[RAW DATA]:
------

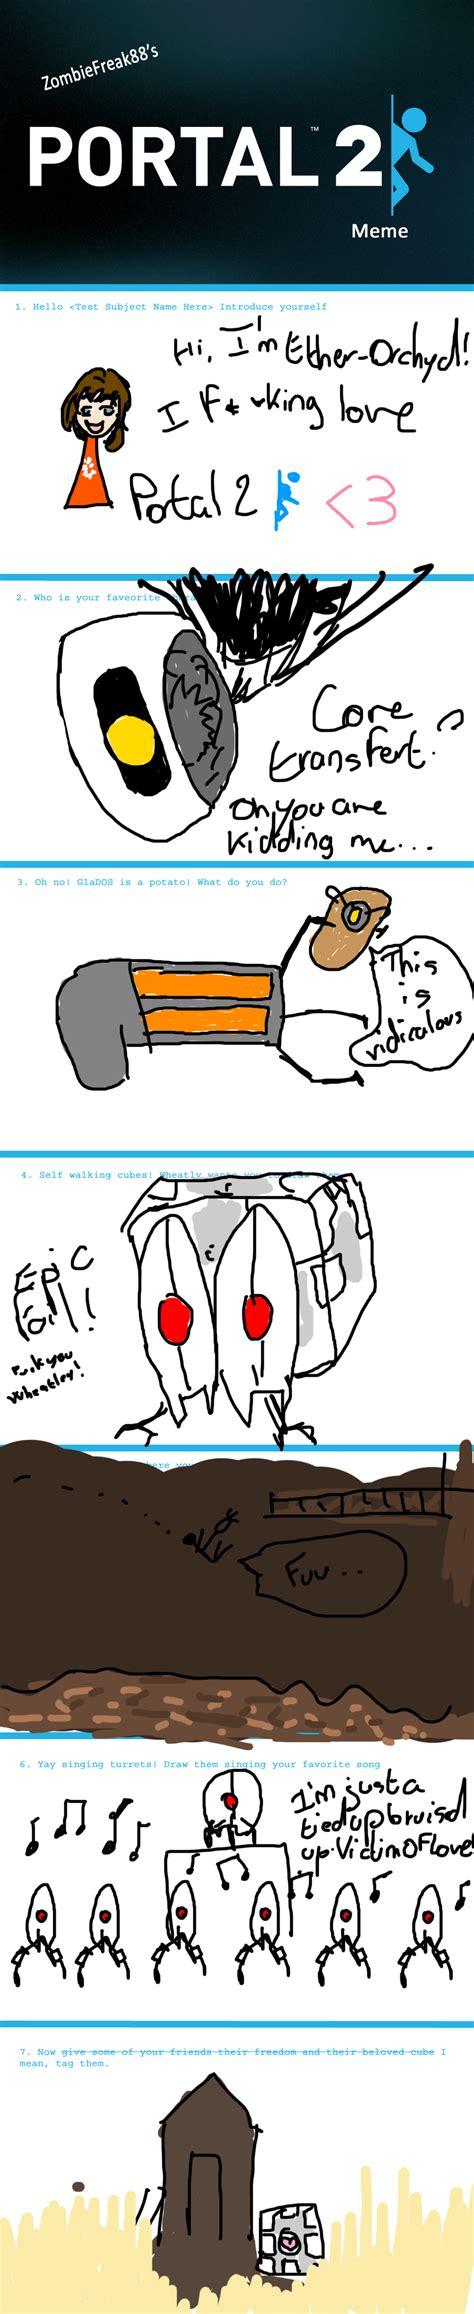 Portal Memes - portal 2 meme 2 by ether orchyd on deviantart
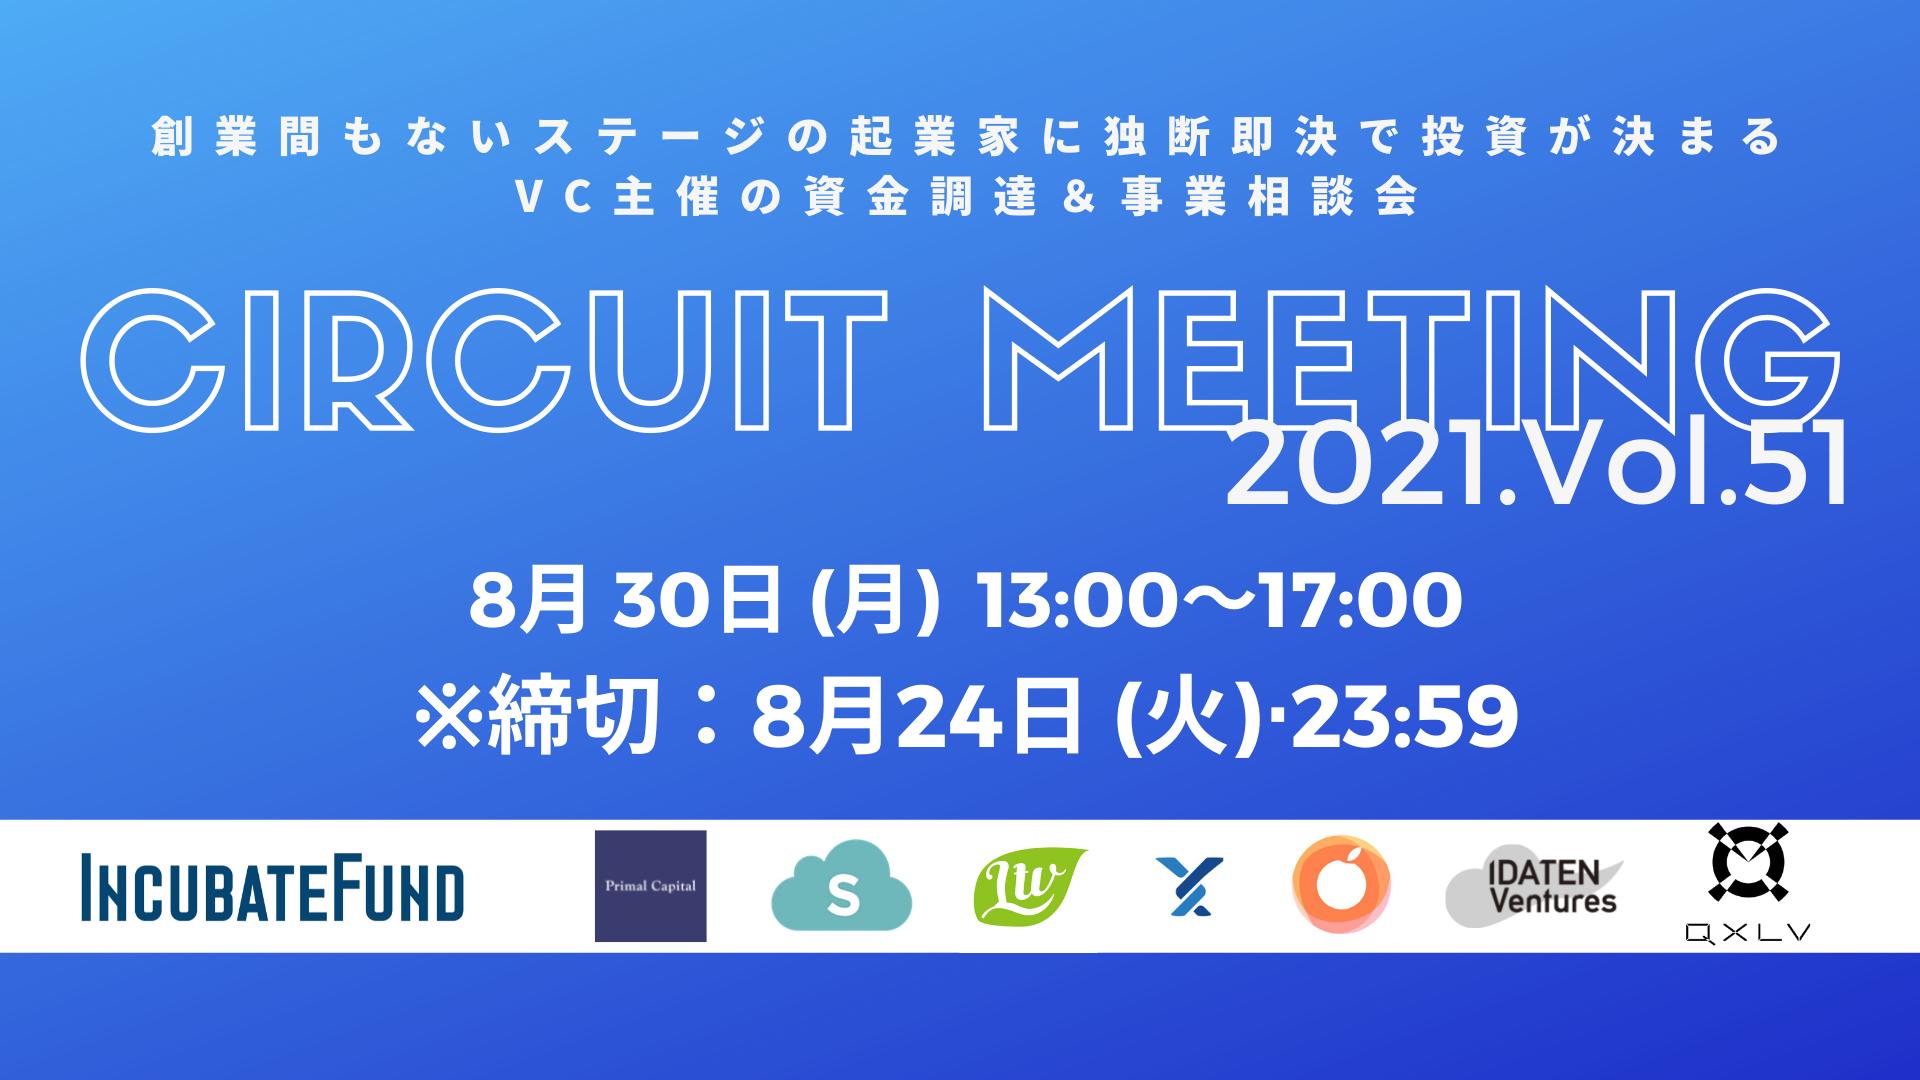 【8/24締切】Circuit Meeting Vol.51
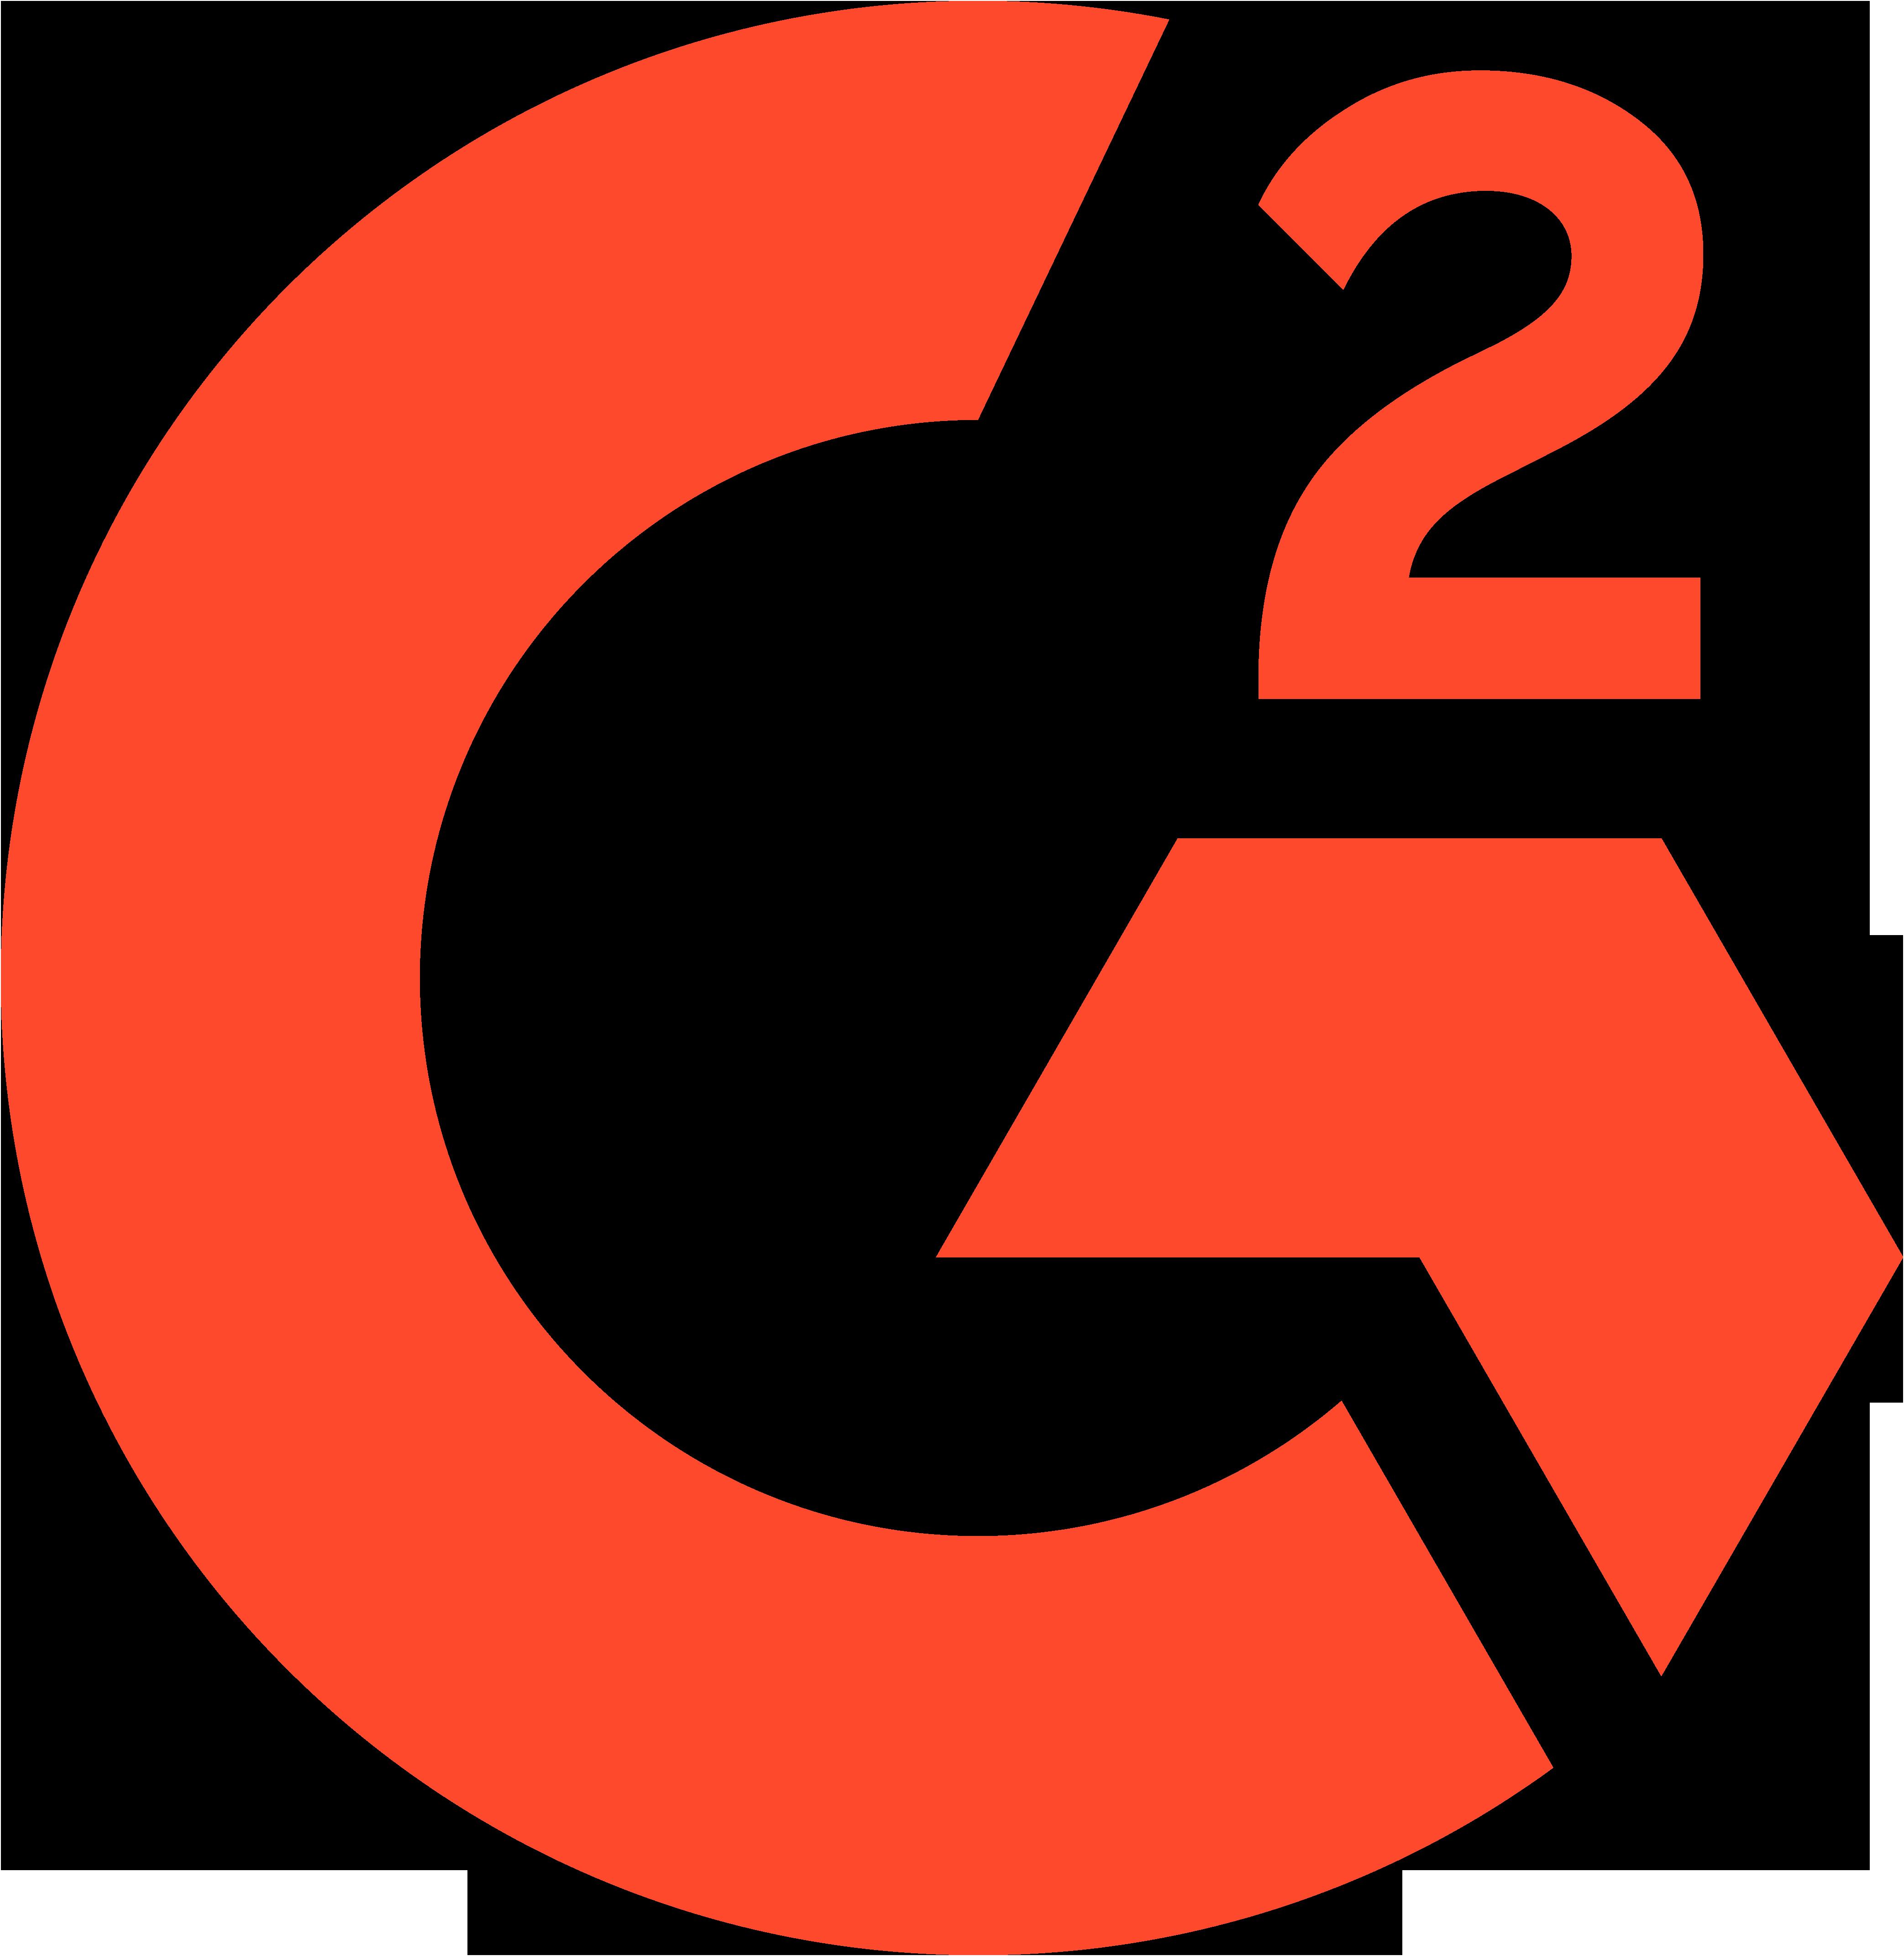 Logo-g2

------

[WHAT NEEDS TO BE DONE]: The answer should contain every line of the material exactly as written and no pictures.

[COMPLETED TASK]:
 Portal Memes - portal 2 meme 2 by ether orchyd on deviantart
 【8/24締切】Circuit Meeting Vol.51
 Logo-g2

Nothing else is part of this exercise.